AIM OF THE EXERCISE: The records below are to be retyped in full, without any alteration.

MATERIAL FOR THE TASK:
+--

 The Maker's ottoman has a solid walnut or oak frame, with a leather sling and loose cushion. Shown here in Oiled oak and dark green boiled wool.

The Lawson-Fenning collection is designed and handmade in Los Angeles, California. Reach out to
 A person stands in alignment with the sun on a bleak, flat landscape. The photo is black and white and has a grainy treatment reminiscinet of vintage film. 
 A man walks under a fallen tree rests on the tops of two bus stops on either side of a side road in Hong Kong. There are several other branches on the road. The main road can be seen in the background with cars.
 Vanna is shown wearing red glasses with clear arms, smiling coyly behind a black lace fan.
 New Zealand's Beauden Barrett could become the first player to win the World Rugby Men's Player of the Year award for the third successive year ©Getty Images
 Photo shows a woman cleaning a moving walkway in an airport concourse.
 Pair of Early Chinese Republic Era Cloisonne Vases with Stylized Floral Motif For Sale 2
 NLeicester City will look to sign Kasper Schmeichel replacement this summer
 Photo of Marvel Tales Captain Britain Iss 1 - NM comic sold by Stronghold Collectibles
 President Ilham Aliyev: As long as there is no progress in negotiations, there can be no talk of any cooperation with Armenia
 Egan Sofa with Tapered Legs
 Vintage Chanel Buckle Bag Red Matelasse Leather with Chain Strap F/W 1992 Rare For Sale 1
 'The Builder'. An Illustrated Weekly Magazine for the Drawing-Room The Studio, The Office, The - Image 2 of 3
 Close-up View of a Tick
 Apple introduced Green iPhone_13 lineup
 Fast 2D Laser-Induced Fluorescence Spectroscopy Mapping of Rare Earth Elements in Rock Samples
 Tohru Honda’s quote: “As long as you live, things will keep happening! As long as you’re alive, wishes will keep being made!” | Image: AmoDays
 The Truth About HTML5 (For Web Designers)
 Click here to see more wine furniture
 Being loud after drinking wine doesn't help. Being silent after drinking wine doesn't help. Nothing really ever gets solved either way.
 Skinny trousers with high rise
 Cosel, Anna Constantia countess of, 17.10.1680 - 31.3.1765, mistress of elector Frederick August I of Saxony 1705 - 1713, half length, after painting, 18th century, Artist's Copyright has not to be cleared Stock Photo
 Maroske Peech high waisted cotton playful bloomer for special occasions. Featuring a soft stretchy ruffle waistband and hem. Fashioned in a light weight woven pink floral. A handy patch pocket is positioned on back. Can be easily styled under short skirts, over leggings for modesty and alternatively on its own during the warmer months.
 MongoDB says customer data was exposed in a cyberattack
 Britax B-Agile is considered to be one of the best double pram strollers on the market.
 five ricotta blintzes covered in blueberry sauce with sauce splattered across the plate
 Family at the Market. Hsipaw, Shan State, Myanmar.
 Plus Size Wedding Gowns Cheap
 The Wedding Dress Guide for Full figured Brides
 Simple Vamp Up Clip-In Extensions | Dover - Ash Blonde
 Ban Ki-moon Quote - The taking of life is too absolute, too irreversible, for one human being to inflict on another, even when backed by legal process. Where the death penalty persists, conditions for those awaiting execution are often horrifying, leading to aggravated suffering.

+--

ANSWER SPACE:
 The Maker's ottoman has a solid walnut or oak frame, with a leather sling and loose cushion. Shown here in Oiled oak and dark green boiled wool.

The Lawson-Fenning collection is designed and handmade in Los Angeles, California. Reach out to
 A person stands in alignment with the sun on a bleak, flat landscape. The photo is black and white and has a grainy treatment reminiscinet of vintage film. 
 A man walks under a fallen tree rests on the tops of two bus stops on either side of a side road in Hong Kong. There are several other branches on the road. The main road can be seen in the background with cars.
 Vanna is shown wearing red glasses with clear arms, smiling coyly behind a black lace fan.
 New Zealand's Beauden Barrett could become the first player to win the World Rugby Men's Player of the Year award for the third successive year ©Getty Images
 Photo shows a woman cleaning a moving walkway in an airport concourse.
 Pair of Early Chinese Republic Era Cloisonne Vases with Stylized Floral Motif For Sale 2
 NLeicester City will look to sign Kasper Schmeichel replacement this summer
 Photo of Marvel Tales Captain Britain Iss 1 - NM comic sold by Stronghold Collectibles
 President Ilham Aliyev: As long as there is no progress in negotiations, there can be no talk of any cooperation with Armenia
 Egan Sofa with Tapered Legs
 Vintage Chanel Buckle Bag Red Matelasse Leather with Chain Strap F/W 1992 Rare For Sale 1
 'The Builder'. An Illustrated Weekly Magazine for the Drawing-Room The Studio, The Office, The - Image 2 of 3
 Close-up View of a Tick
 Apple introduced Green iPhone_13 lineup
 Fast 2D Laser-Induced Fluorescence Spectroscopy Mapping of Rare Earth Elements in Rock Samples
 Tohru Honda’s quote: “As long as you live, things will keep happening! As long as you’re alive, wishes will keep being made!” | Image: AmoDays
 The Truth About HTML5 (For Web Designers)
 Click here to see more wine furniture
 Being loud after drinking wine doesn't help. Being silent after drinking wine doesn't help. Nothing really ever gets solved either way.
 Skinny trousers with high rise
 Cosel, Anna Constantia countess of, 17.10.1680 - 31.3.1765, mistress of elector Frederick August I of Saxony 1705 - 1713, half length, after painting, 18th century, Artist's Copyright has not to be cleared Stock Photo
 Maroske Peech high waisted cotton playful bloomer for special occasions. Featuring a soft stretchy ruffle waistband and hem. Fashioned in a light weight woven pink floral. A handy patch pocket is positioned on back. Can be easily styled under short skirts, over leggings for modesty and alternatively on its own during the warmer months.
 MongoDB says customer data was exposed in a cyberattack
 Britax B-Agile is considered to be one of the best double pram strollers on the market.
 five ricotta blintzes covered in blueberry sauce with sauce splattered across the plate
 Family at the Market. Hsipaw, Shan State, Myanmar.
 Plus Size Wedding Gowns Cheap
 The Wedding Dress Guide for Full figured Brides
 Simple Vamp Up Clip-In Extensions | Dover - Ash Blonde
 Ban Ki-moon Quote - The taking of life is too absolute, too irreversible, for one human being to inflict on another, even when backed by legal process. Where the death penalty persists, conditions for those awaiting execution are often horrifying, leading to aggravated suffering.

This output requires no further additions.